» What the task asks
Print only the lines running from the line with "Cavi di trasmissione" to the final line below, both included, exactly as written and without the pictures.

» Record extracts
=== Section Start ===
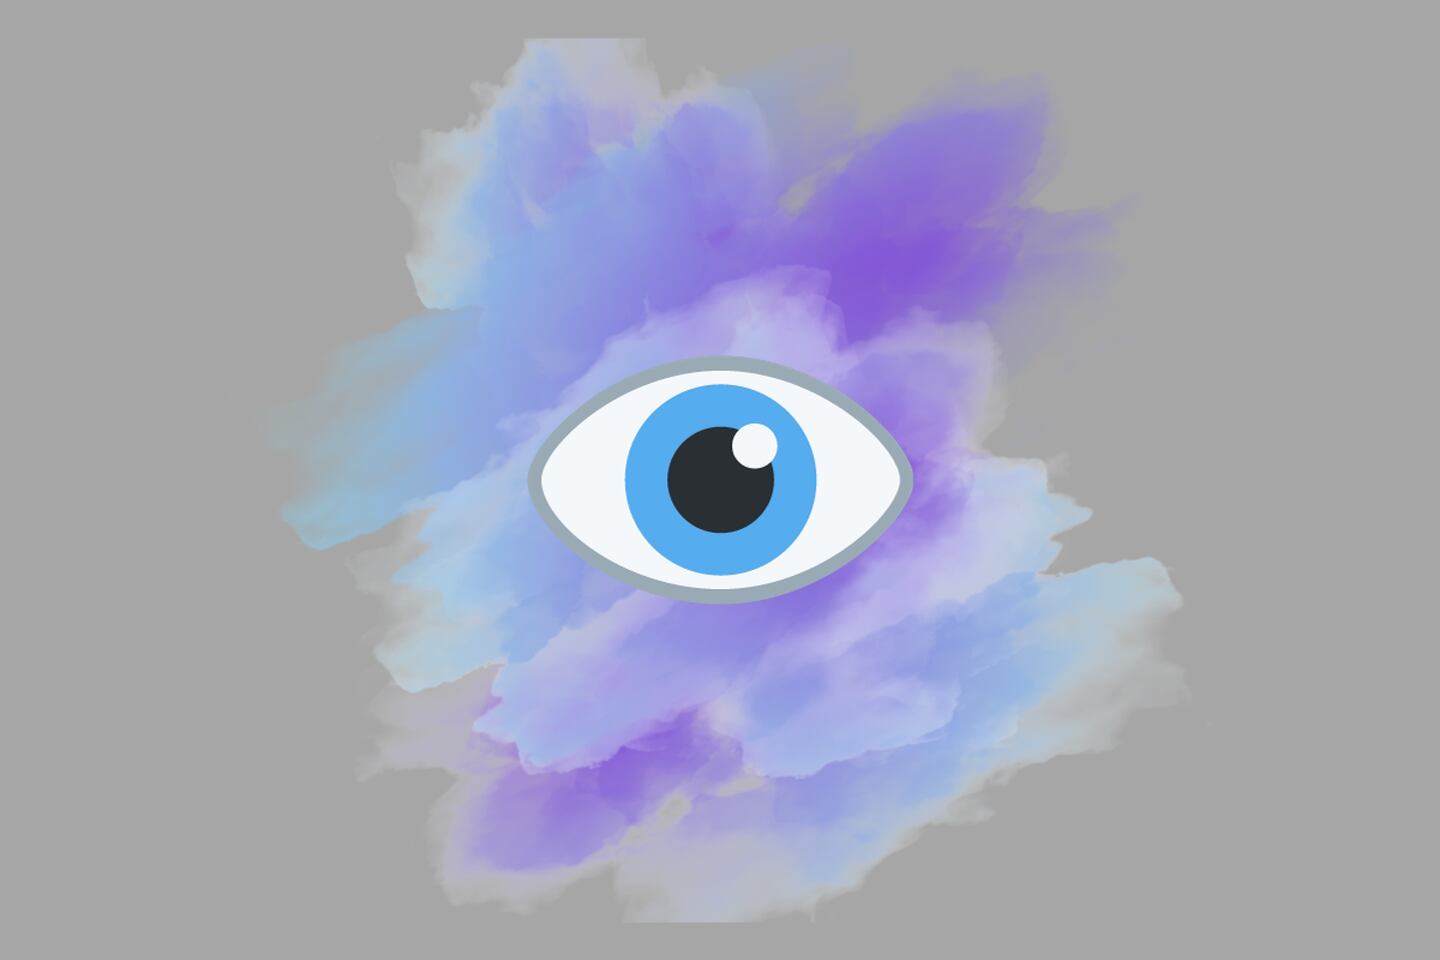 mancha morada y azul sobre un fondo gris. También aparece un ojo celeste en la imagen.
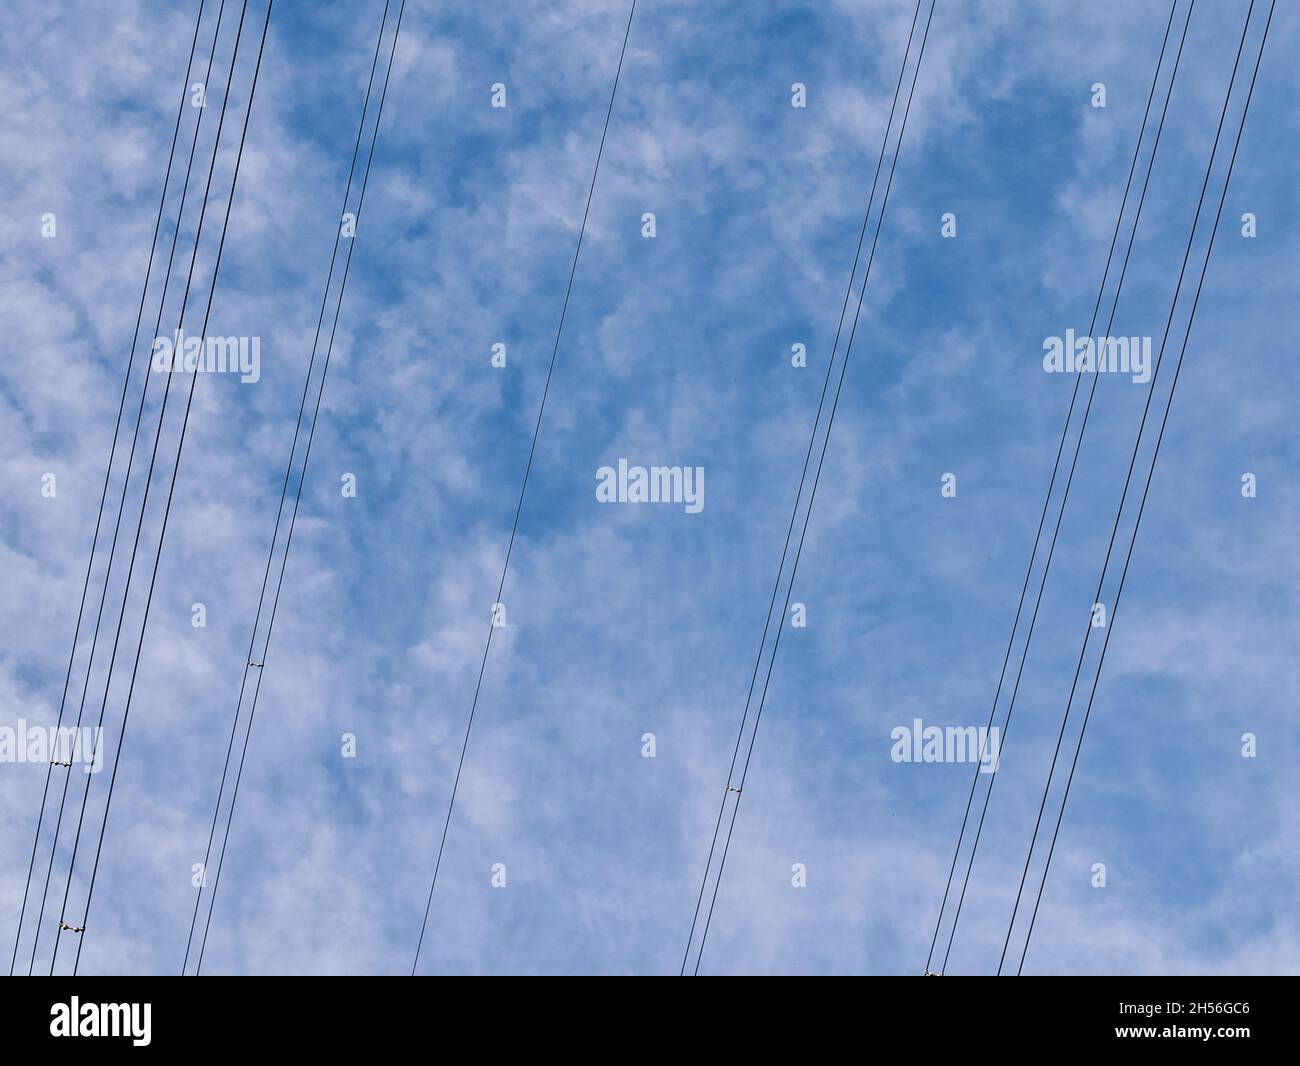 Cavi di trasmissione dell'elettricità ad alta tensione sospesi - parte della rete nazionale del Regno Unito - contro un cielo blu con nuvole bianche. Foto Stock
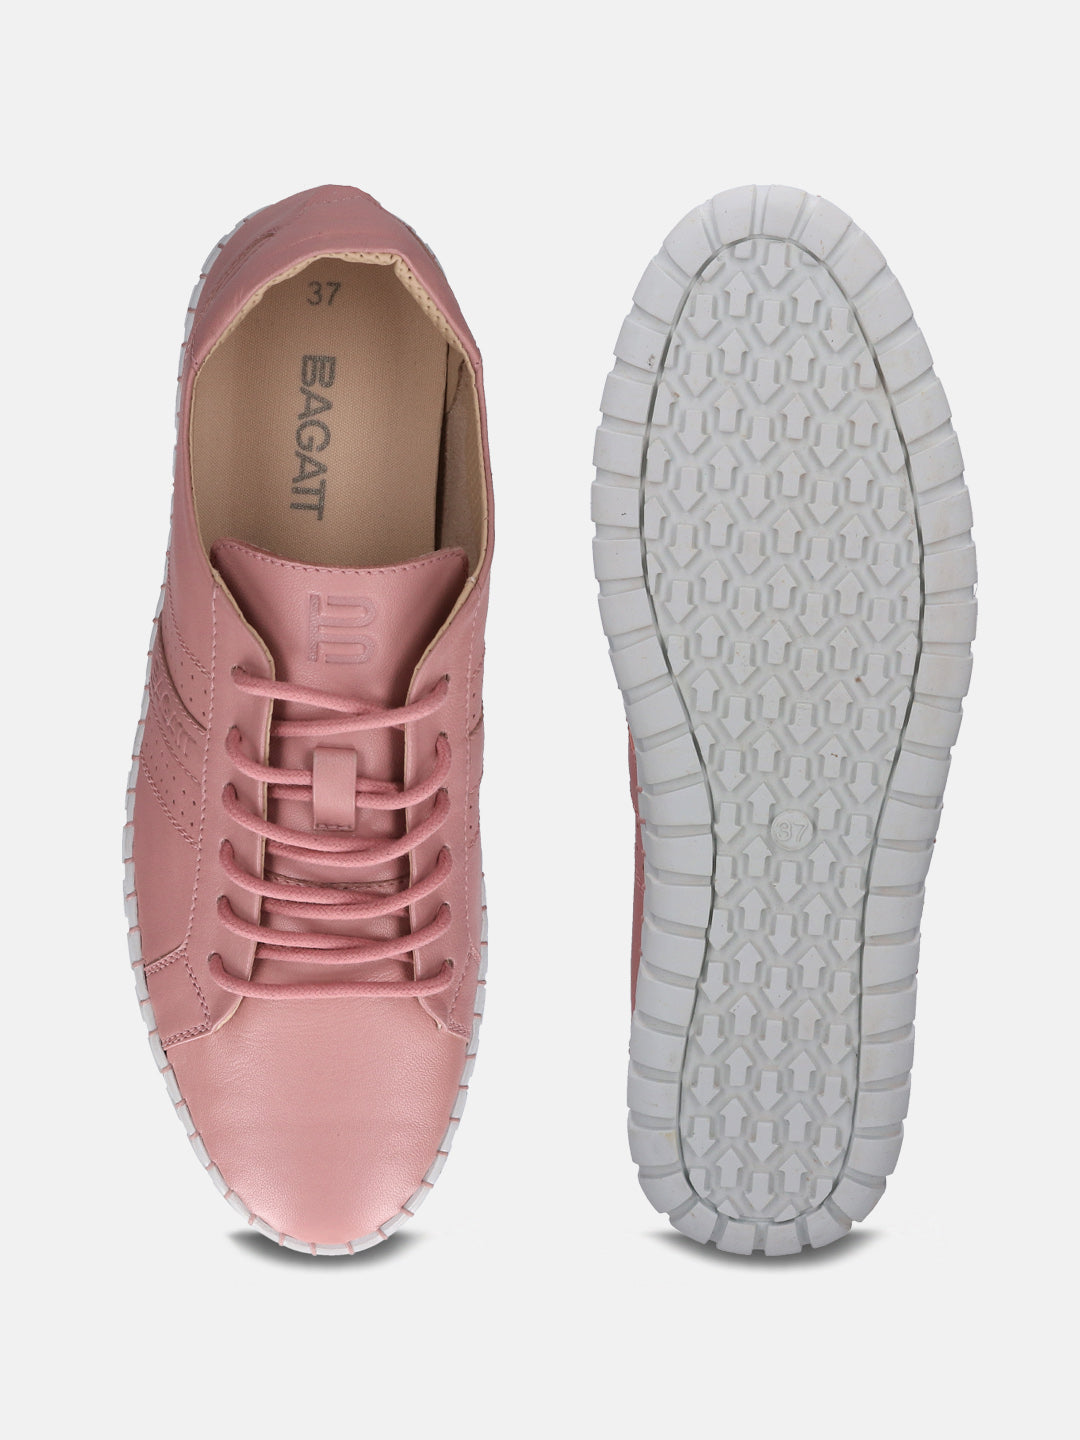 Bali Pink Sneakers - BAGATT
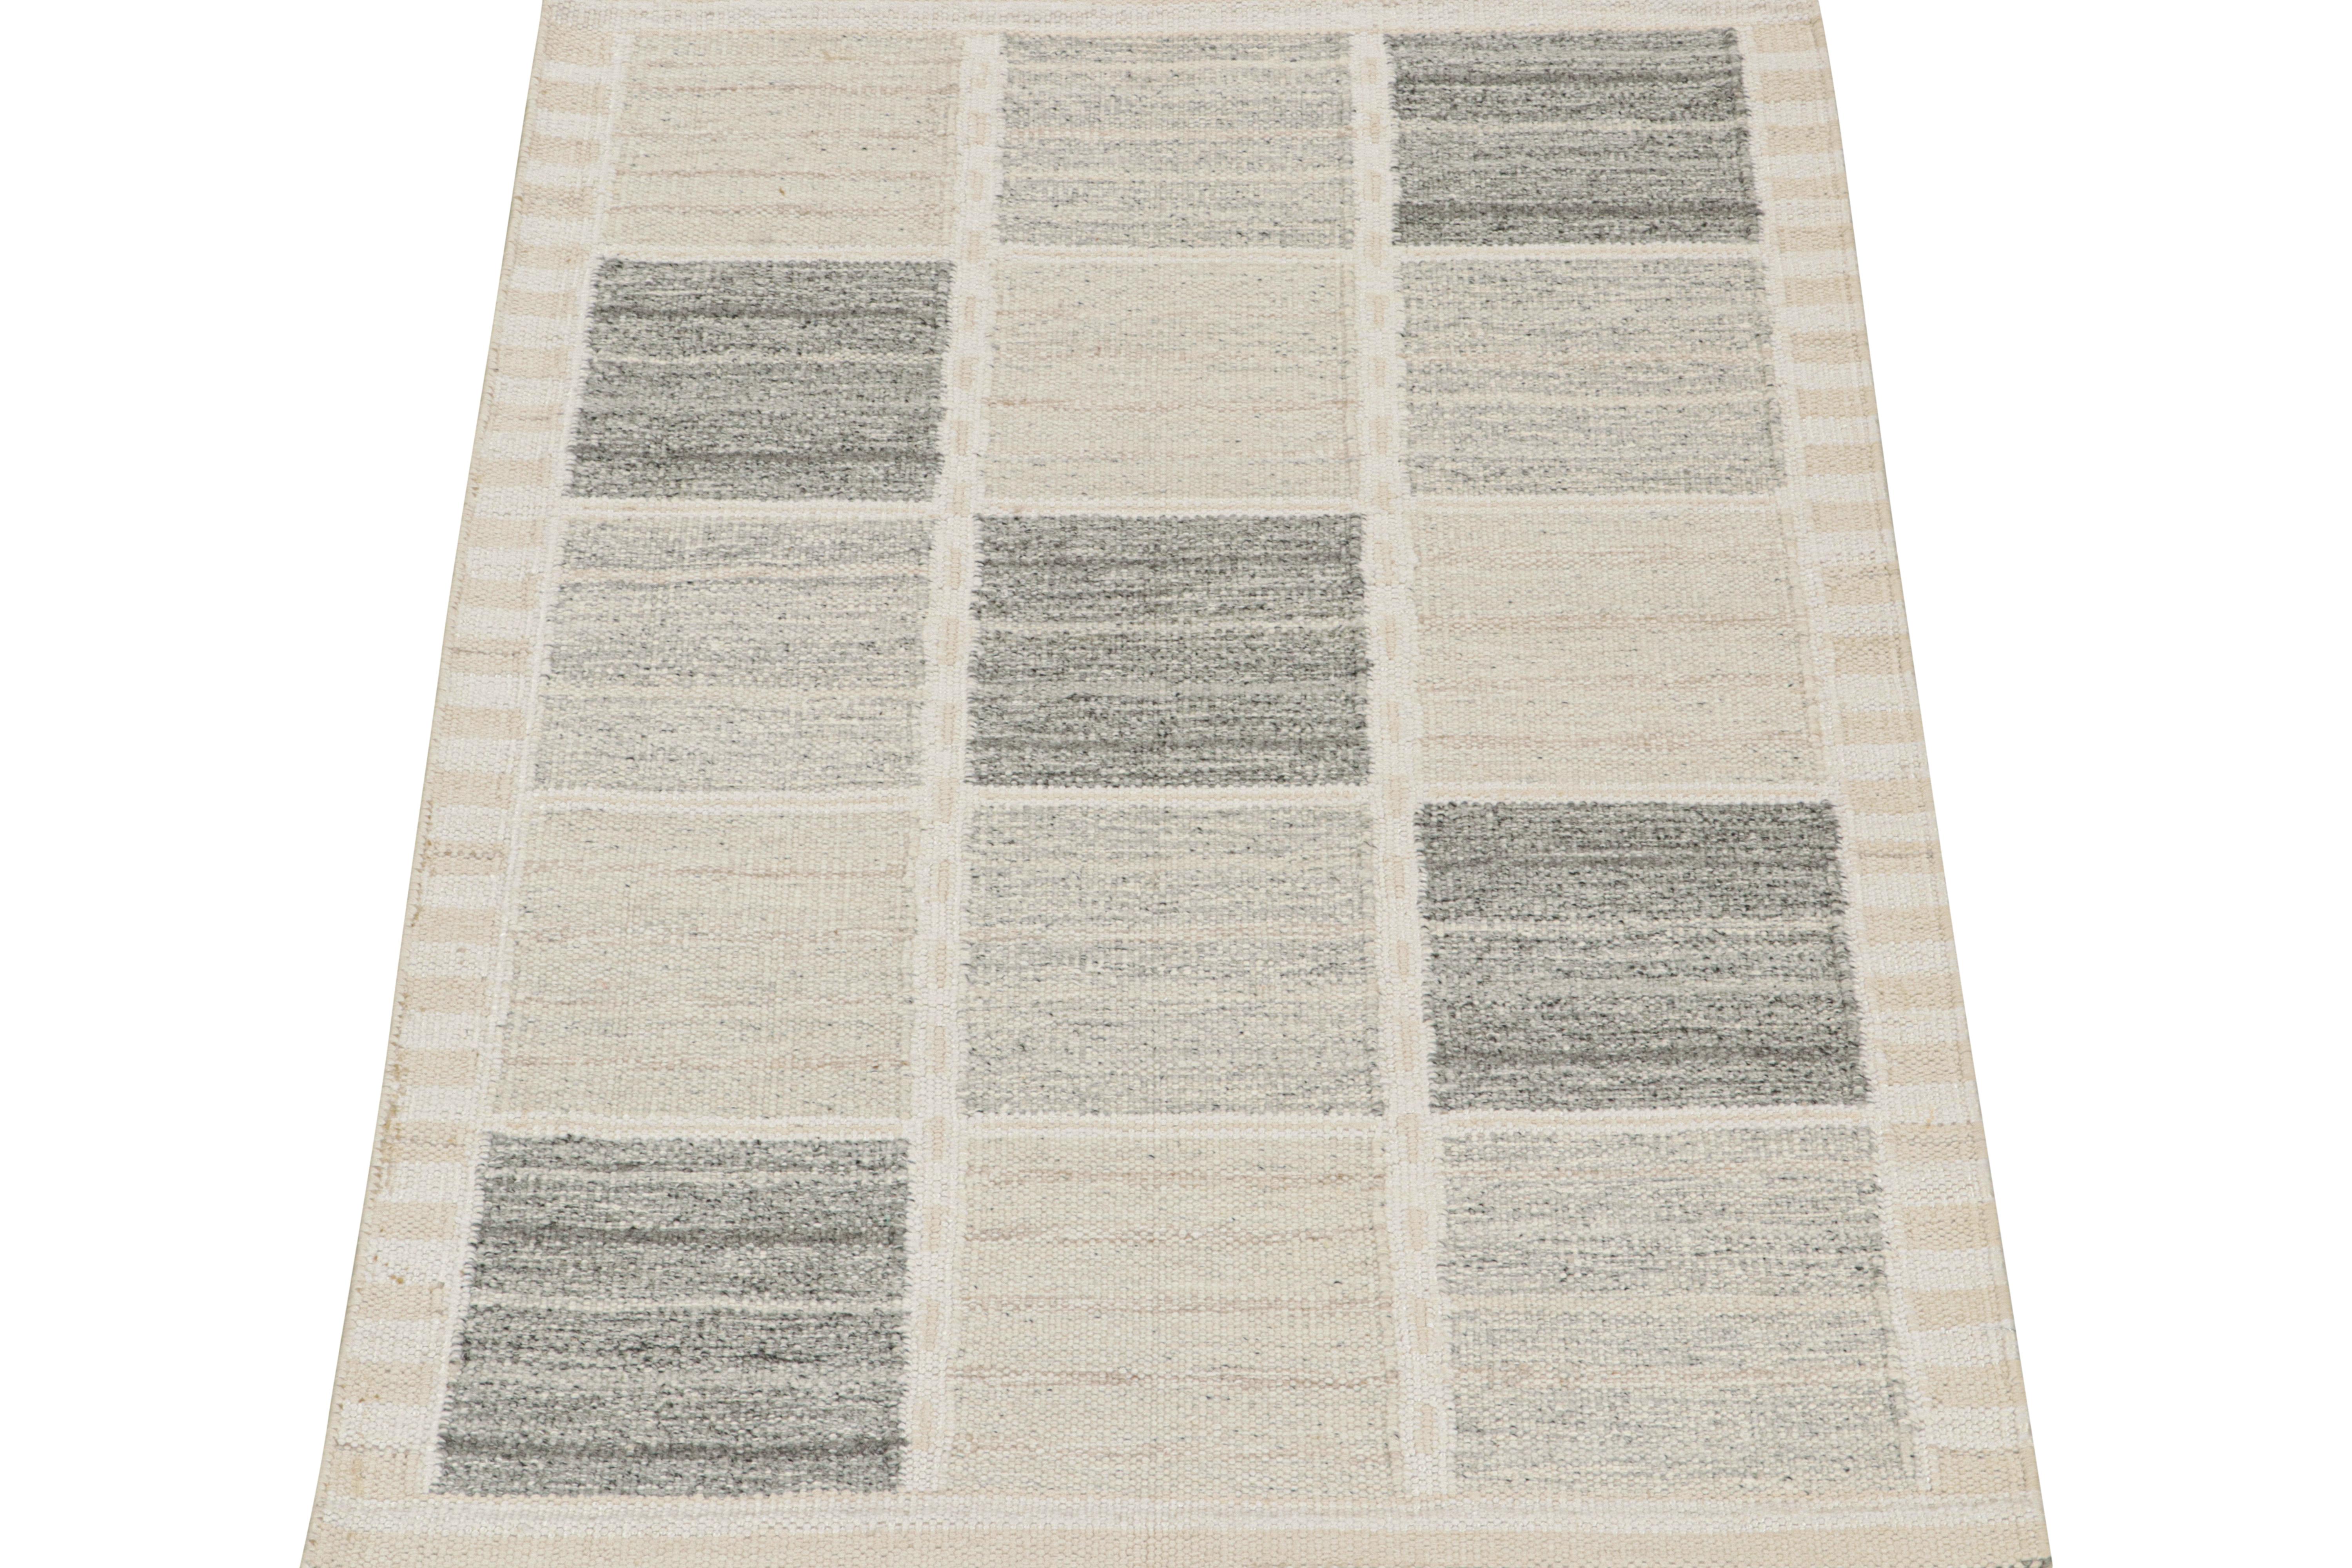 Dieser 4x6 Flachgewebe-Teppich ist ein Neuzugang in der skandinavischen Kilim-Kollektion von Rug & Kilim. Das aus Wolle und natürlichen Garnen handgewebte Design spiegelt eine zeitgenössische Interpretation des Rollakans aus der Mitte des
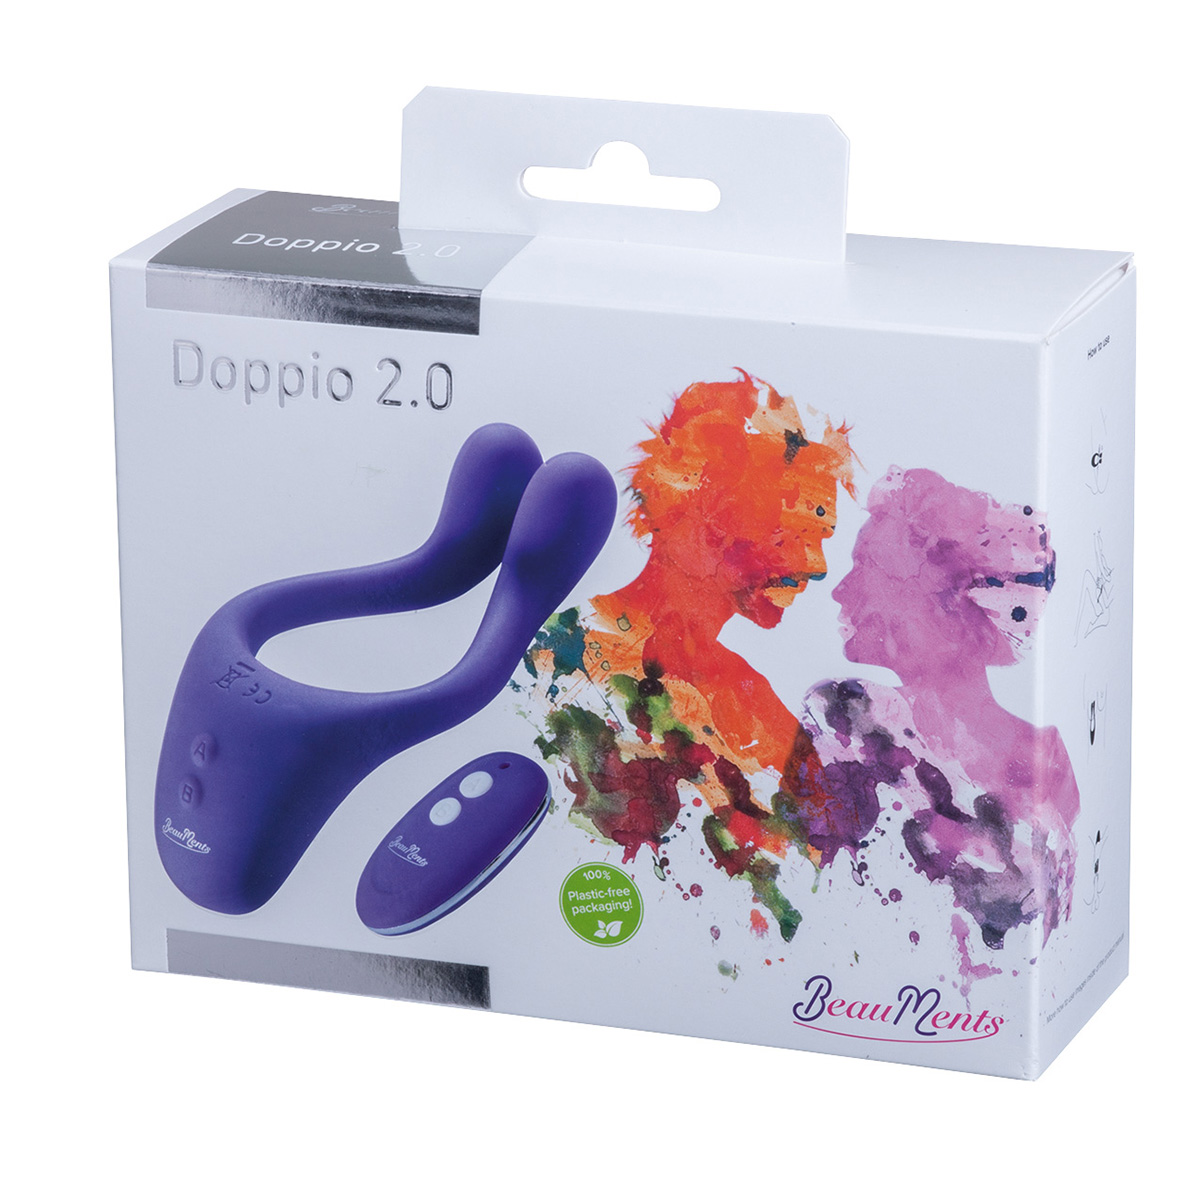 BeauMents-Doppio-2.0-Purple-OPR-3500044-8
=== Section End ===
» Output of the exercise
 Cavi di trasmissione dell'elettricità ad alta tensione sospesi - parte della rete nazionale del Regno Unito - contro un cielo blu con nuvole bianche. Foto Stock
 Bali Pink Sneakers - BAGATT
 Dieser 4x6 Flachgewebe-Teppich ist ein Neuzugang in der skandinavischen Kilim-Kollektion von Rug & Kilim. Das aus Wolle und natürlichen Garnen handgewebte Design spiegelt eine zeitgenössische Interpretation des Rollakans aus der Mitte des
 BeauMents-Doppio-2.0-Purple-OPR-3500044-8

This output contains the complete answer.